Similarly, a businessperson may have the idea for an app, but will have little knowledge of coding or managing a software project. Suddenly, they’re able to manage a team of AI agents to fulfill their ideas down to the letter.
Basically, the key to the future is within figuring out how to get as much done with AI as possible. Build high-level flows, and learn to think at high levels — not only to learn how to direct the AI, but also so that you start thinking about ideas worth directing the AI to actually accomplish.
What we’ll start to see is that these tools eliminate the friction between an idea and an actual result. And I think kids today will be extremely adapted to this environment, because they’re full of ideas and imagination, but aren’t burdened down with thinking of logistics or the difficulties of the technicalities. They’ll think of a result they want to manifest, reach for an AI tool that can fulfill it, and make it happen without hesitation on their part.
What this probably means for us is that we should begin returning to a child-like state: Full of ideas, wonder, curiosity, big thinking, and a willingness to experiment.
The Hard Limitations
Let’s assume we solve the bottlenecks of chip manufacturing, and that the current array of AI capabilities become 100x faster with advancements in software in hardware, with additional improvements in capabilities of all models.
Someone could technically create infinite E-Book content. Infinite Podcast content. Infinite video content.
But people can’t consume infinite content or products. There are hard limits to what we can take in. We might get faster, sure. Maybe we’ll read thrice as fast, watch every video at 3x speed, and do the same with music and podcasts.
And even then, it wouldn’t be fully be possible for everyone to consume everything. Similarly, it isn’t really possible for someone to buy every single thing they see. Even if everyone had effectively infinite money due to deflationary pressures and a universal basic income, each person still only has so much space in their home to keep their things.
However, these generative AI tools will give people a lot of room to experiment and see what sticks.

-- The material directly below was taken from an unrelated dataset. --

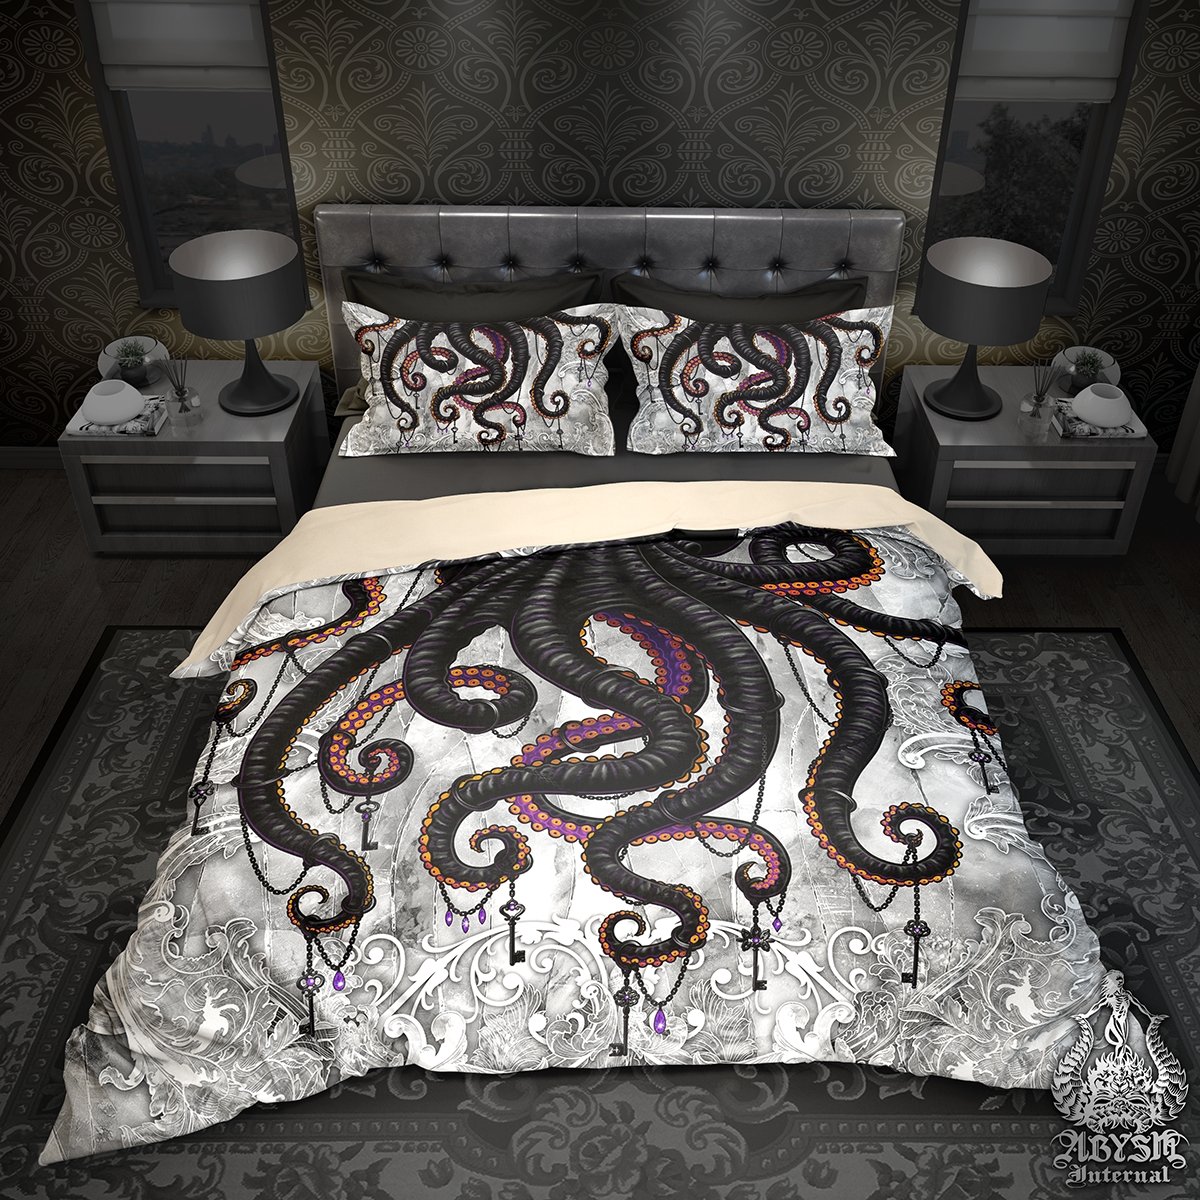 Octopus Bedding Set, Comforter and Duvet, Gothic Bed Cover, Coastal Bedroom Decor, King, Queen and Twin Size - Black and White Goth - Abysm Internal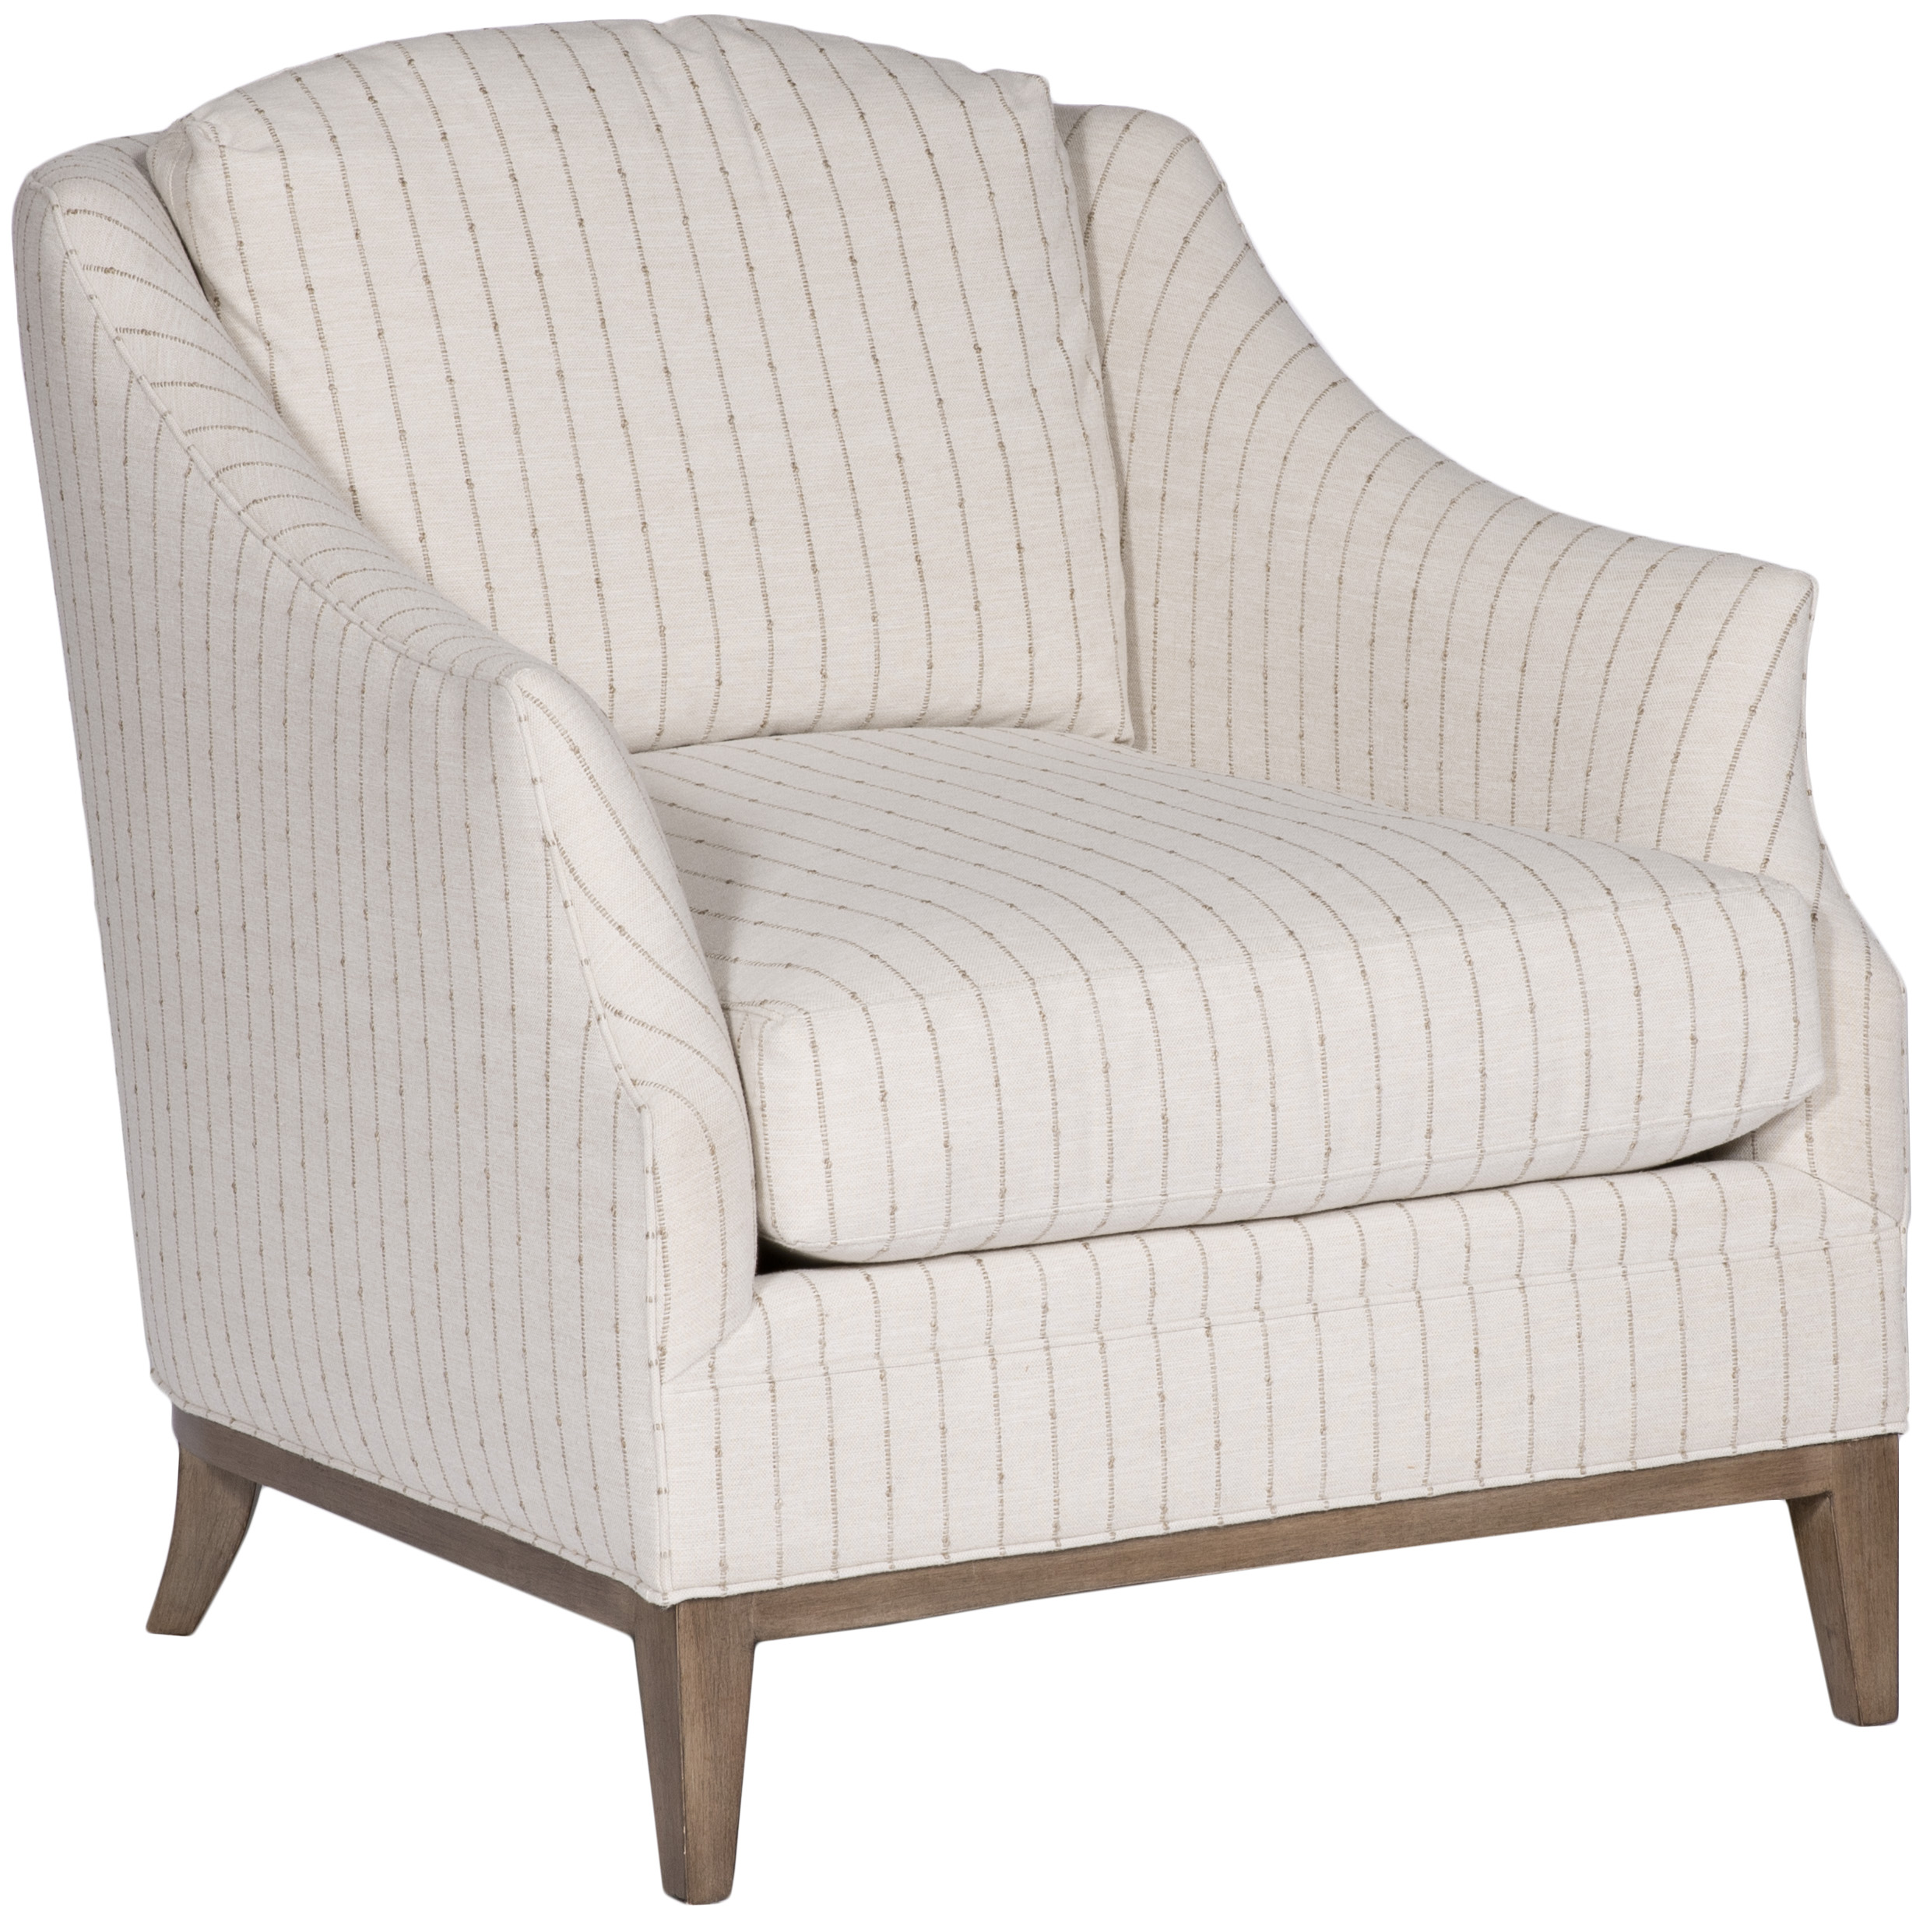 Fiora Chair V955-CH - Our Products - Vanguard Furniture

There won’t be room for every single person to be a content creator for everyone else, but a few people will be quite adept and passionate with it and have viral staying power. Many people may become content creators entirely for their own consumption.
I also suspect that the entire way we interact with media and content in general will change.
We can expect many people to turn to AI for interactive personal tutoring on non-fiction topics and knowledge. The non-fiction books will probably be read less, since a tutor often beats a book in the learning process — especially for complex technical knowledge.
In this process, non-fiction books and media will be consumed less, but the media landscape of what people consume will probably shift towards casual, leisurely genres and topics. Effectively, most passive consumption will simply be for enjoyment.
Entering the Arena
I mentioned to a friend recently that it’s necessary to enter the arena at this time, and he asked what the arena even is at the moment. I had to think hard about this, and it’s actually what prompted this post.
From what I can tell, the arena is in planning big ideas freely, without the very adult constraints of getting hung up on the logistical requirements and difficulties for actually implementing each of them.
Tim Ferriss has a prompt for himself: "What would this look like if it were easy?"
I think this is a useful question to ask yourself. If you could fulfill any idea easily, which ones would you focus on? Increasingly, those ideas are probably the ones worth doing.
Why should you start to focus on those ideas now, even though the AI tools available aren’t 100% of the way there for building them to completion? It’s because they will be there, and when they are, it will be good to have as many visions ready and waiting for them as you possibly can give them.
The other helpful way to be in the arena in this moment is to actually be out there, doing something in a field you care about. If you’re in an industry, you’re likely very aware of the problems on the frontiers of the field. If you’re working on any job or project right now, you’re actually operating in a goldmine of ideas, ripe for having many of its processes automated.
“But my job can’t be automated!”
Most intellectual jobs today involve solving a series of burdensome cognitive tasks. Many of these tasks require having a large backdrop of job-specific knowledge that a modern AI could always have access to. Most times, there are also a series of smaller cognitive tasks that are repeated like a process for handling and solving each task.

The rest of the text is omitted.